Наконец, в половине июня он выехал из Дрездена, направляясь домой. Последнее его письмо к брату писано с дороги, из Брест-Литовска: он сообщает, что в Варшаве по болезни прожил две недели и что вот уже две недели живет здесь, ожидая возвращения своих бумаг, взятых у него при обыске.

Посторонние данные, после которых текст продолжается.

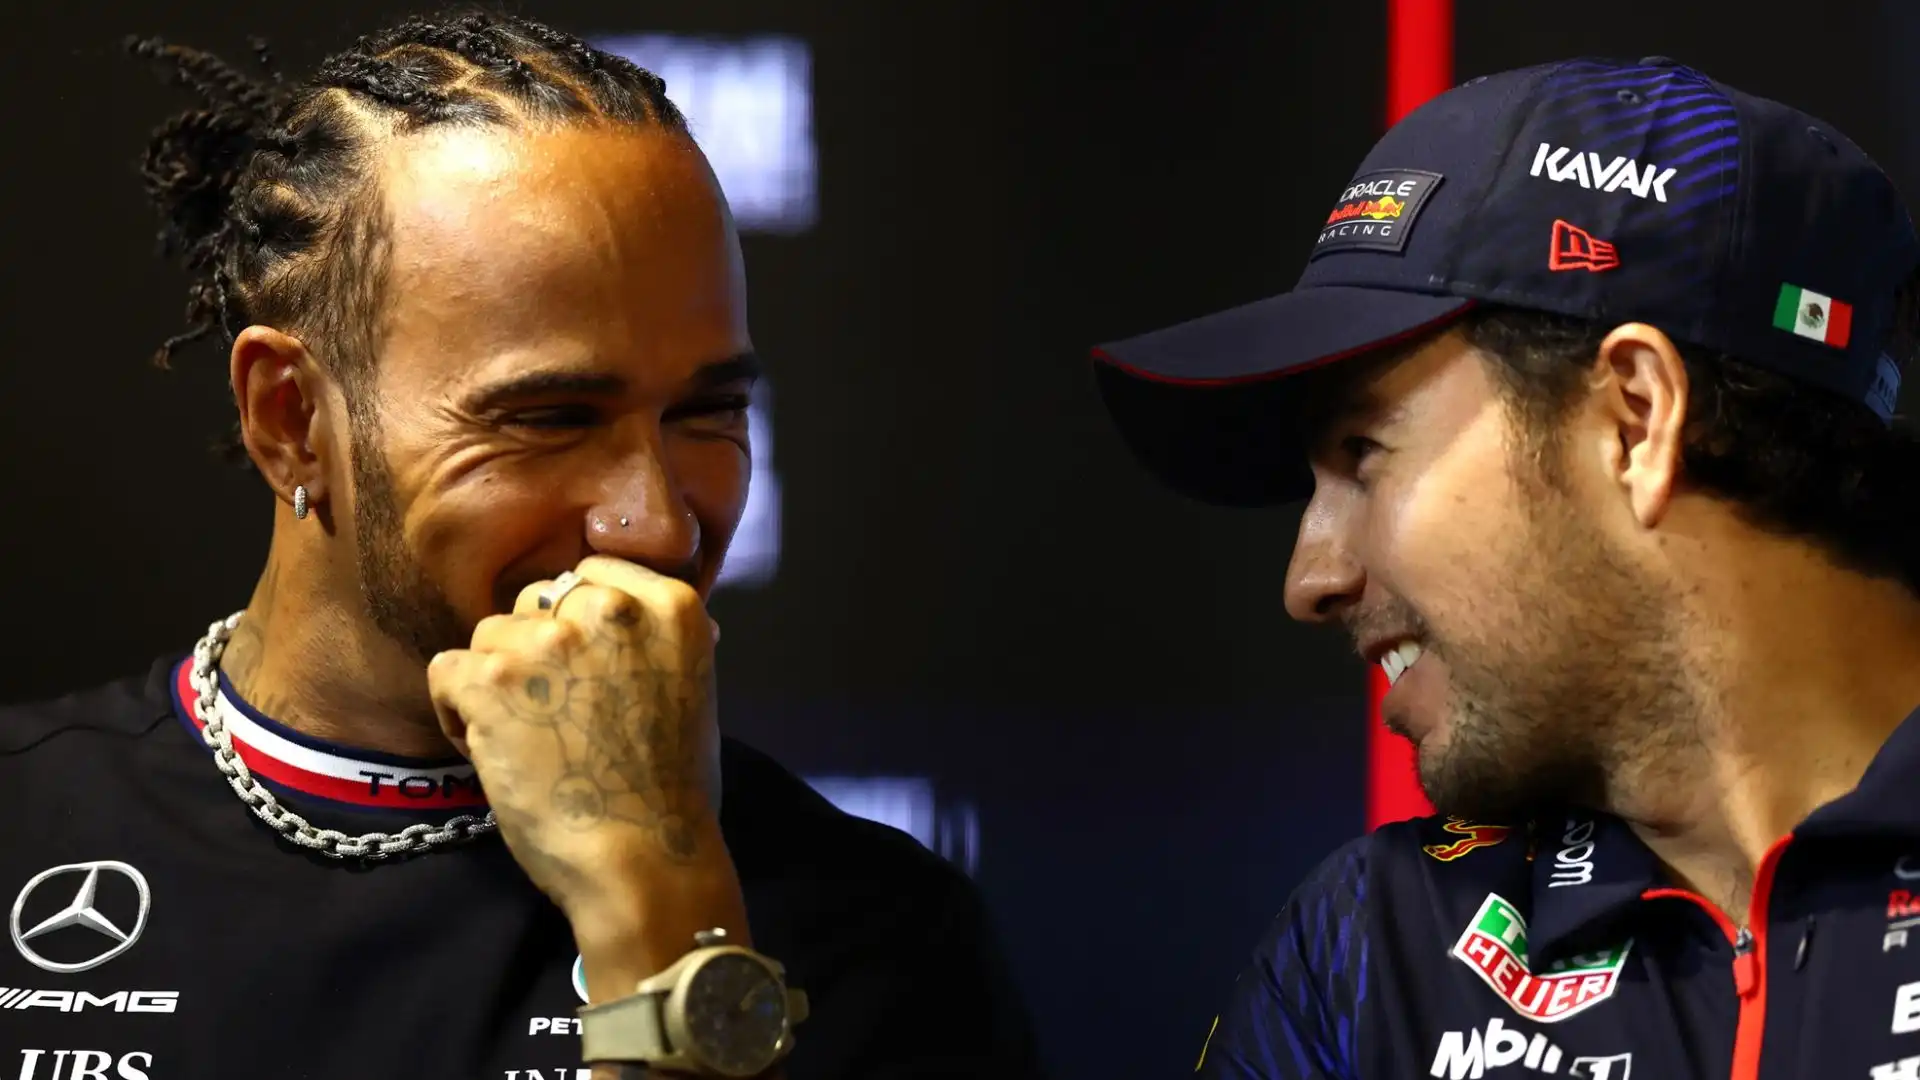 Il pilota messicano negli scorsi giorni ha detto di aver avuto problemi psicologici durante gli ultimi anni al fianco di Verstappen alla Red Bull
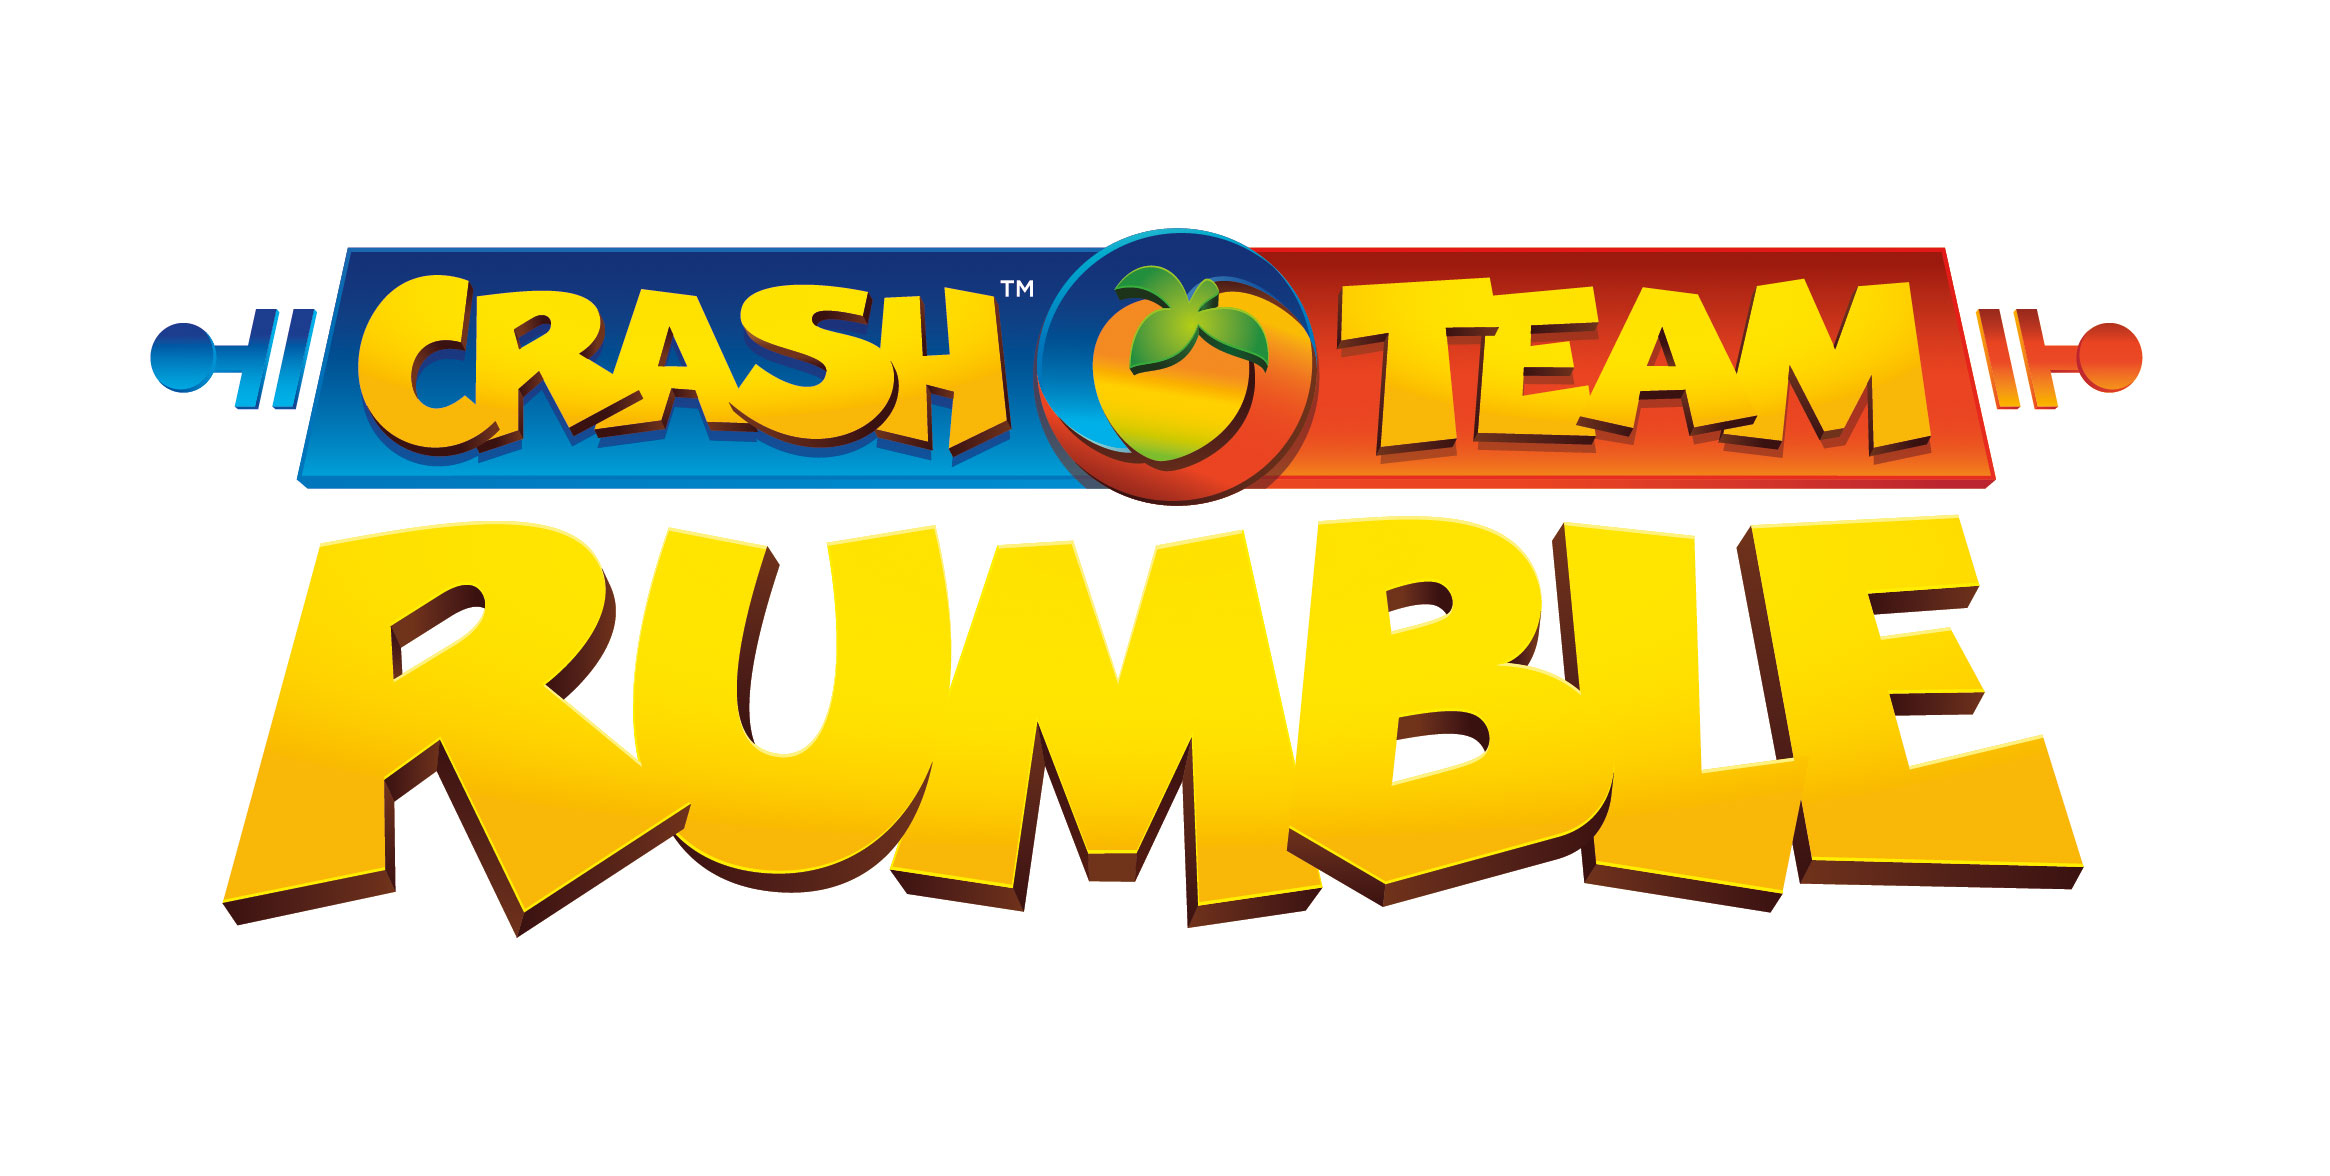 Prepare-se para uma Briga de N. Sane! O Crash Team Rumble™ Já

Напечатанные недавно всеподданнейший рапорт великого князя Константина Павловича от 21 июля 1826 г. и протокол допроса, которому подвергнут был Чаадаев[333], проливают свет на этот эпизод. Оказывается, что великий князь, получив от варшавской секретной полиции донесение о прибытии Чаадаева из-за границы и зная о его близости с Тургеневыми и поездке в Троппау, тогда же сообщил об этом государю, приказав вместе с тем учредить за Чаадаевым в Варшаве тайный надзор, а по приезде в Брест-Литовск тщательно осмотреть его бумаги. При обыске в Бресте у Чаадаеве были найдены разные недозволенные книги, возмутительные стихи и пр., а главное – письма, обнаружившие его связи с некоторыми обвиняемыми по делу 14 декабря: с Н. Тургеневым, Муравьевыми и кн. Трубецким. Препровождая государю эти письма и список найденных книг, великий князь доносил, что до разрешения его величества приказал не выпускать Чаадаева из Брест-Литовска и иметь за ним секретный полицейский надзор{225}.